What is needed is every line from the one holding "Vine Leaf Paint Brush Photoshop" to the last line of the data below, printed exactly and without pictures.

[Given information — start]

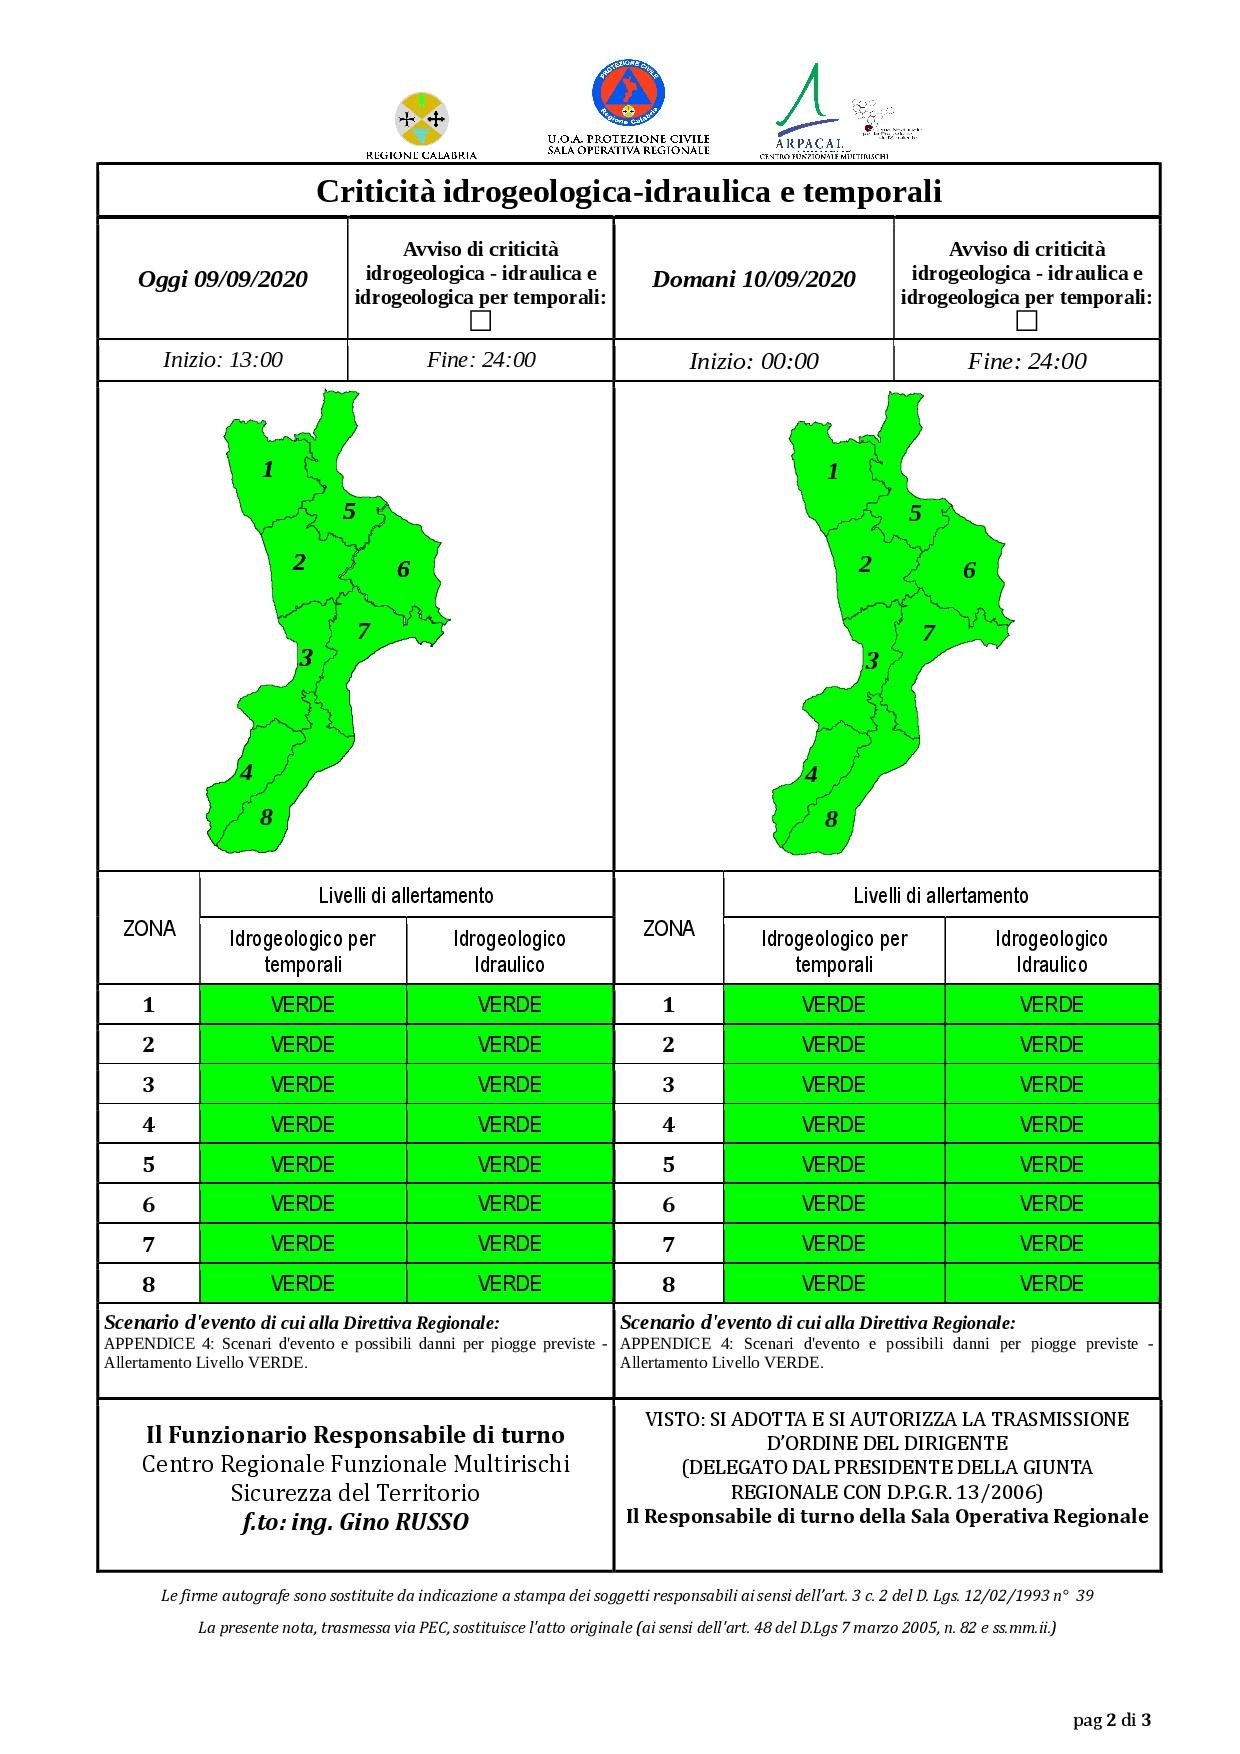 Criticità idrogeologica-idraulica e temporali in Calabria 09-09-2020
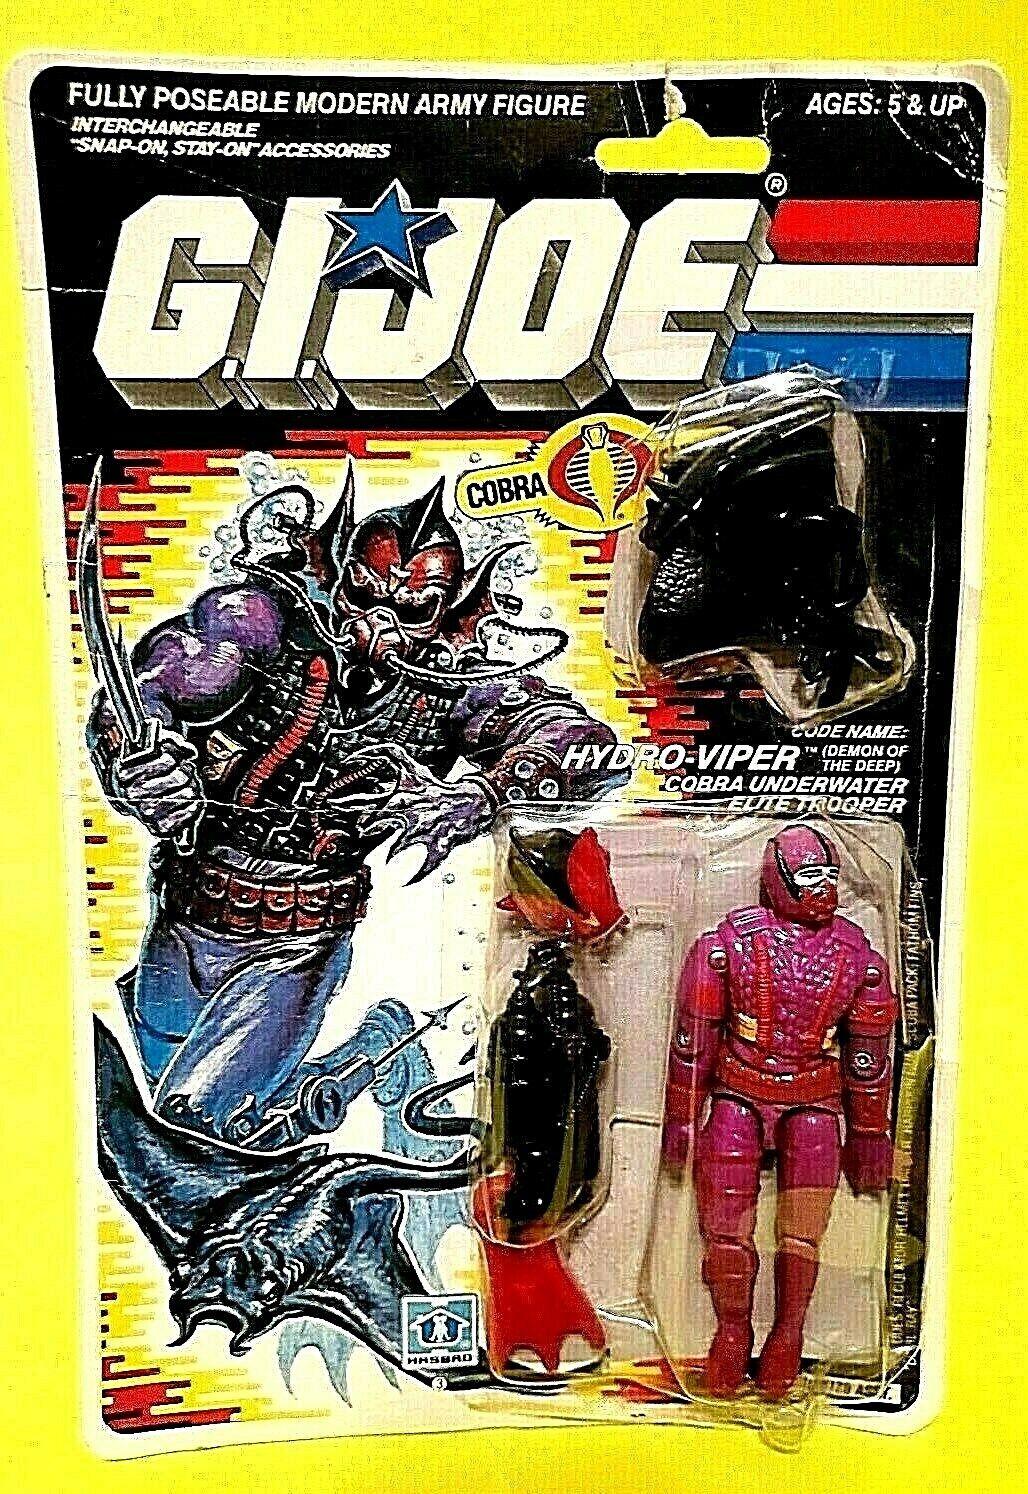 Vintage GI JOE HYDRO-VIPER Action Figure Cobra Trooper ARAH 1988 w Weapons Lot
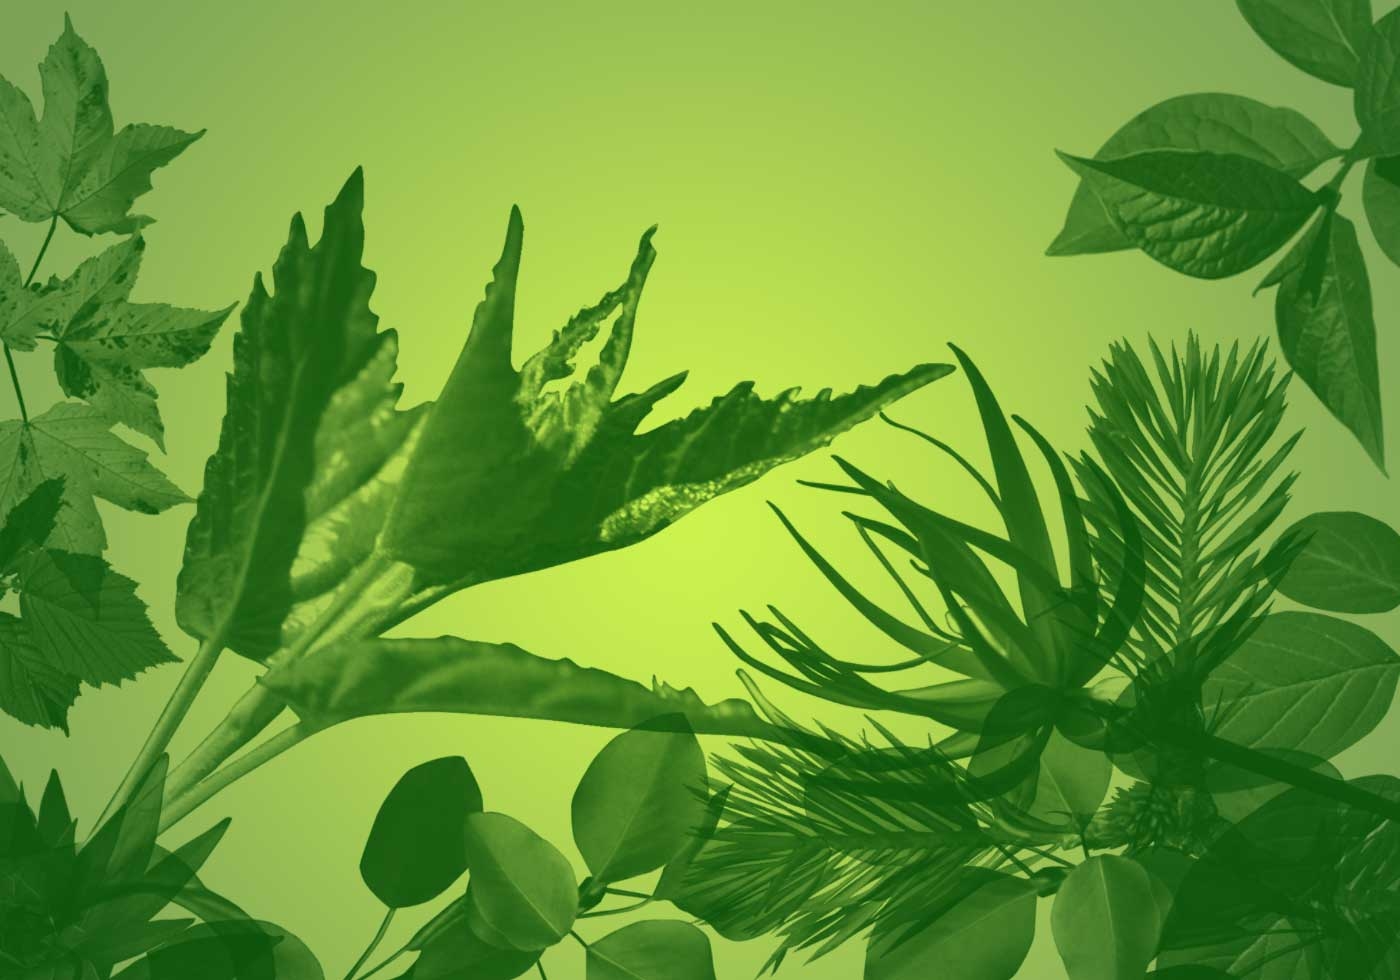 Vine Leaf Paint Brush Photoshop
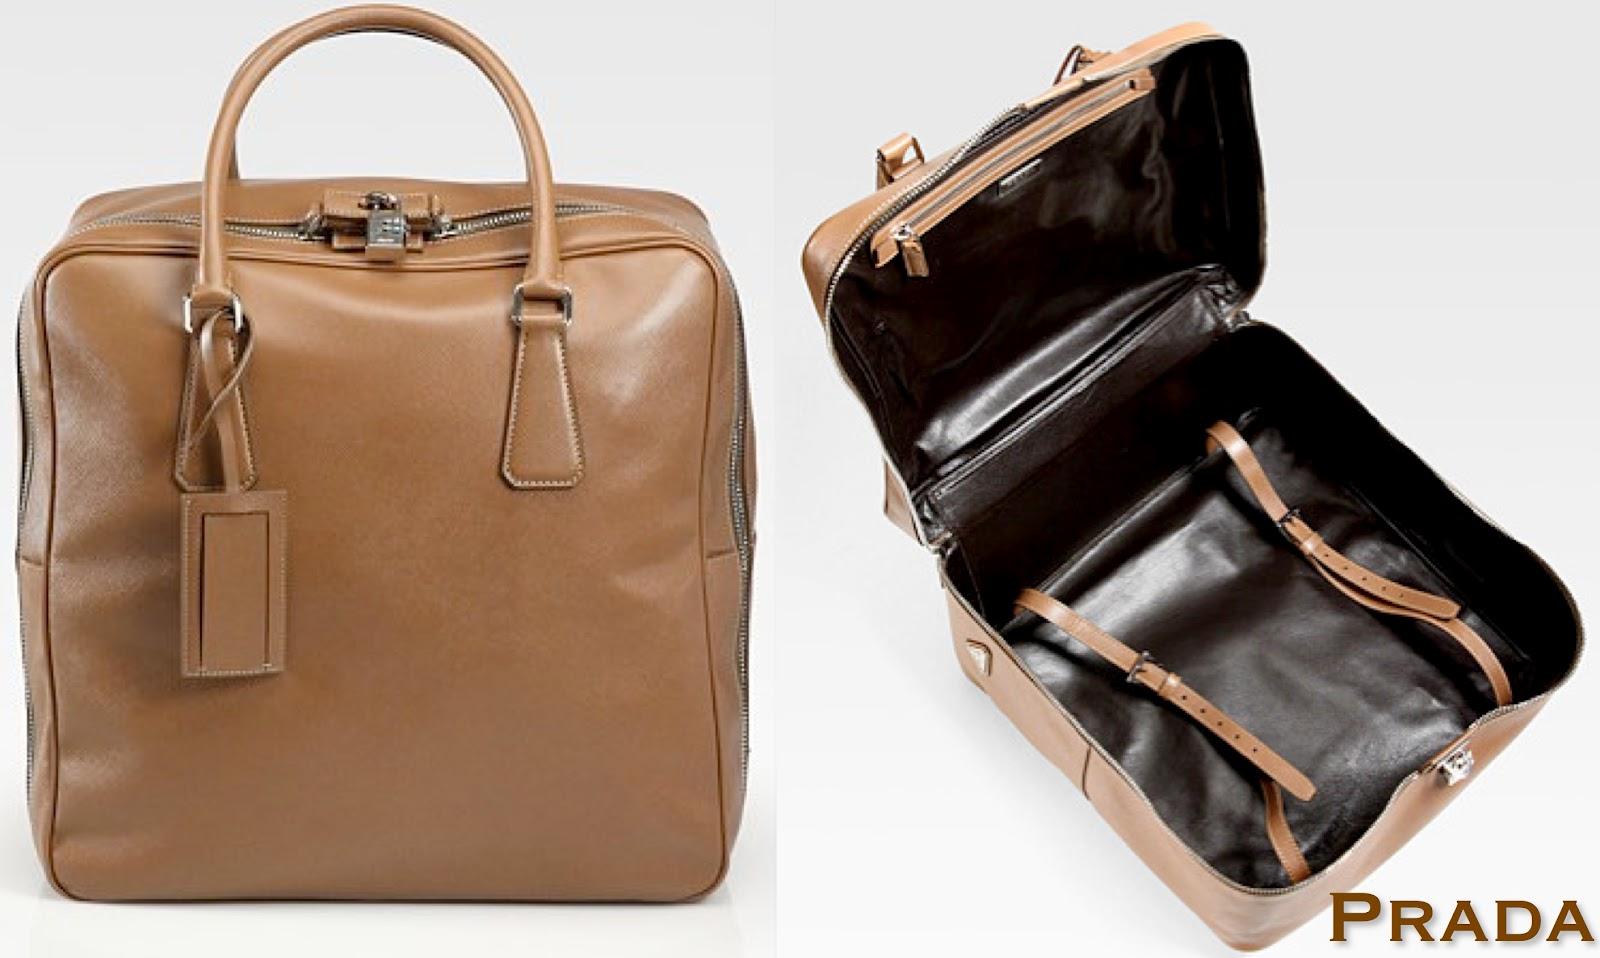 prada tote bags leather

[Given information — finish]

Your solution
 Vine Leaf Paint Brush Photoshop
 prada tote bags leather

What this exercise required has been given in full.